__DATA FOR PROCESSING__
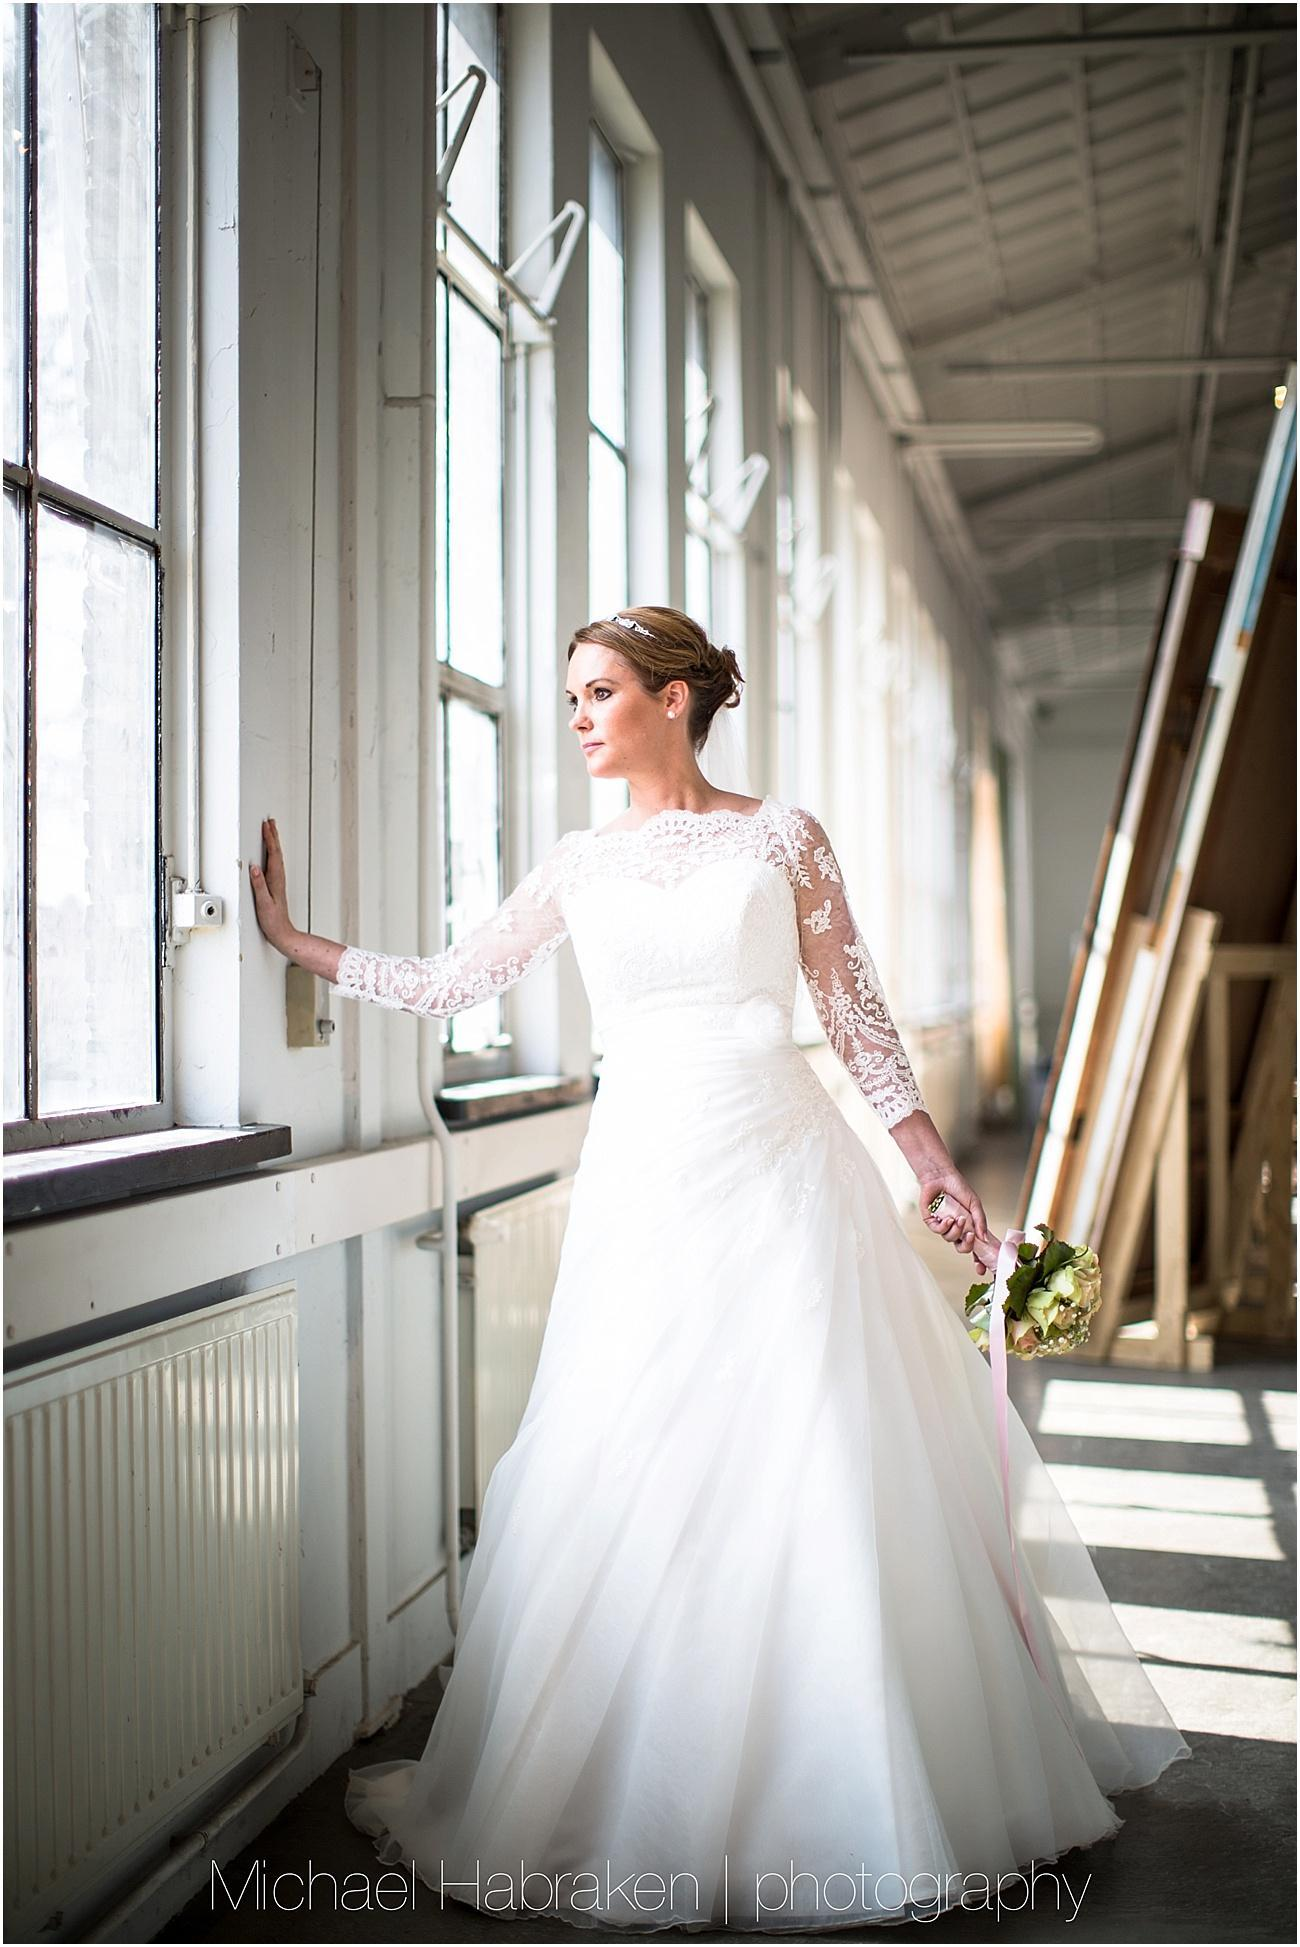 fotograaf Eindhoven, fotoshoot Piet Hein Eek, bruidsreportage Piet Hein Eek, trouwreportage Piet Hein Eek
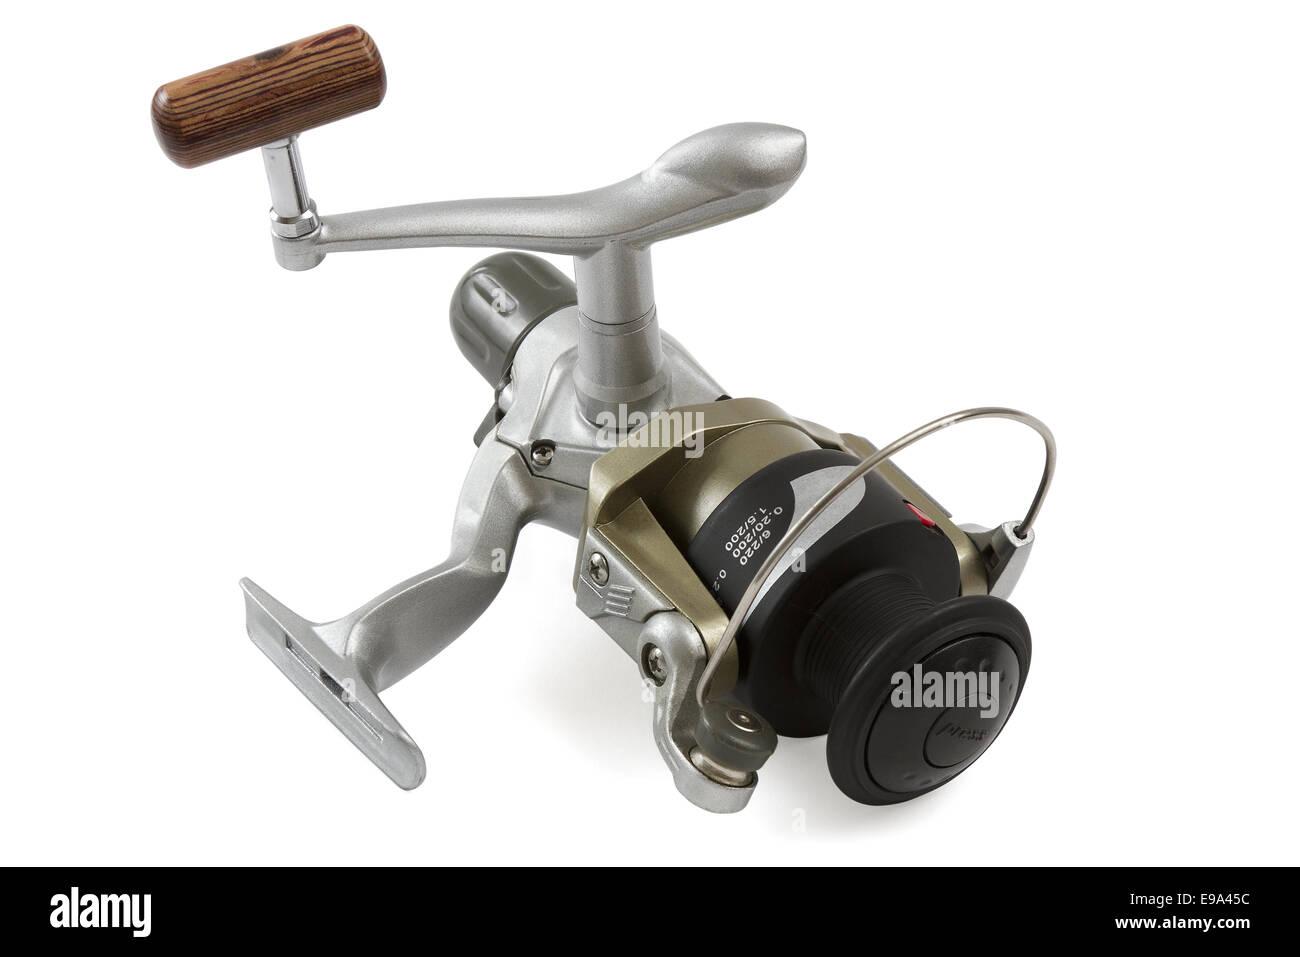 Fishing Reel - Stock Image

---

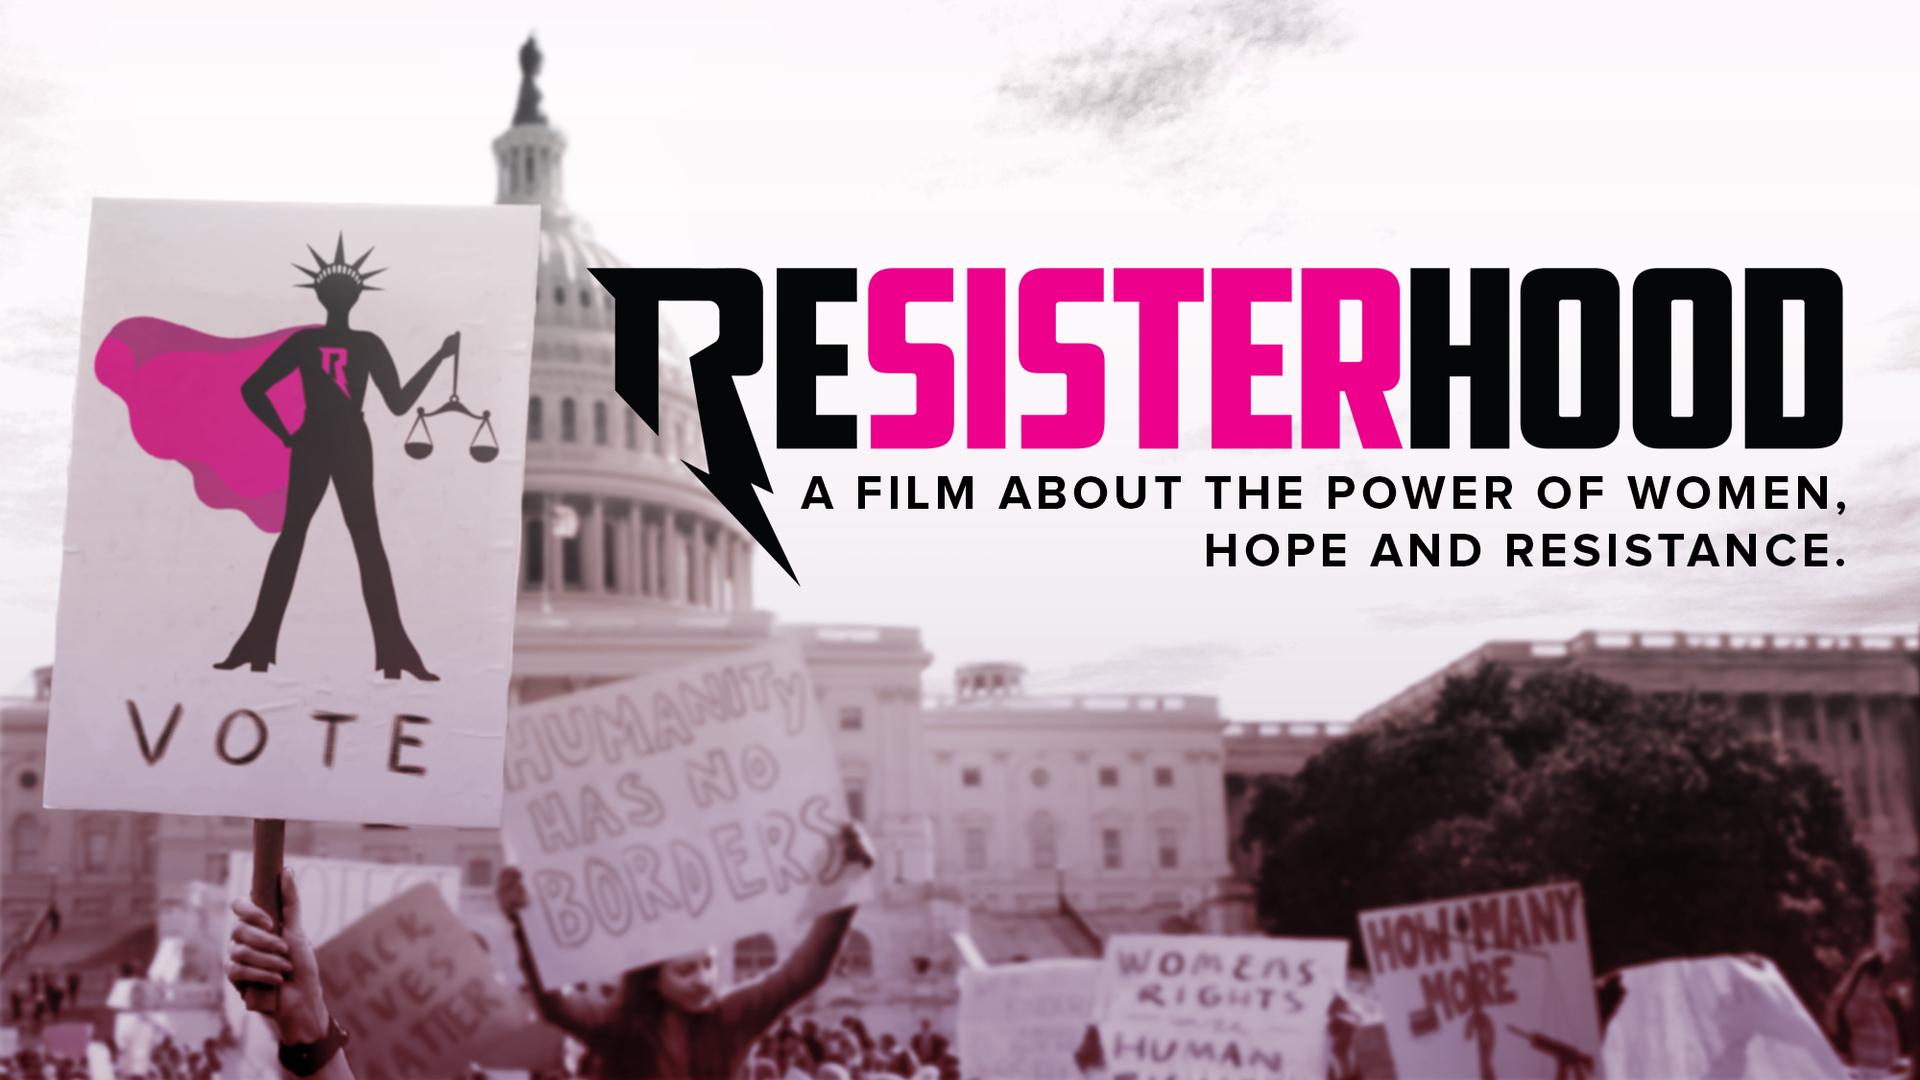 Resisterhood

__ABOUT THIS EXERCISE__
Within the listing above, the lines from the one with "fotograaf Eindhoven, fotoshoot" through the one with "Fishing Reel - Stock Image" are to be given again word for word. Do not include pictures.

__OUTPUT OF THE EXERCISE__
 fotograaf Eindhoven, fotoshoot Piet Hein Eek, bruidsreportage Piet Hein Eek, trouwreportage Piet Hein Eek
 Fishing Reel - Stock Image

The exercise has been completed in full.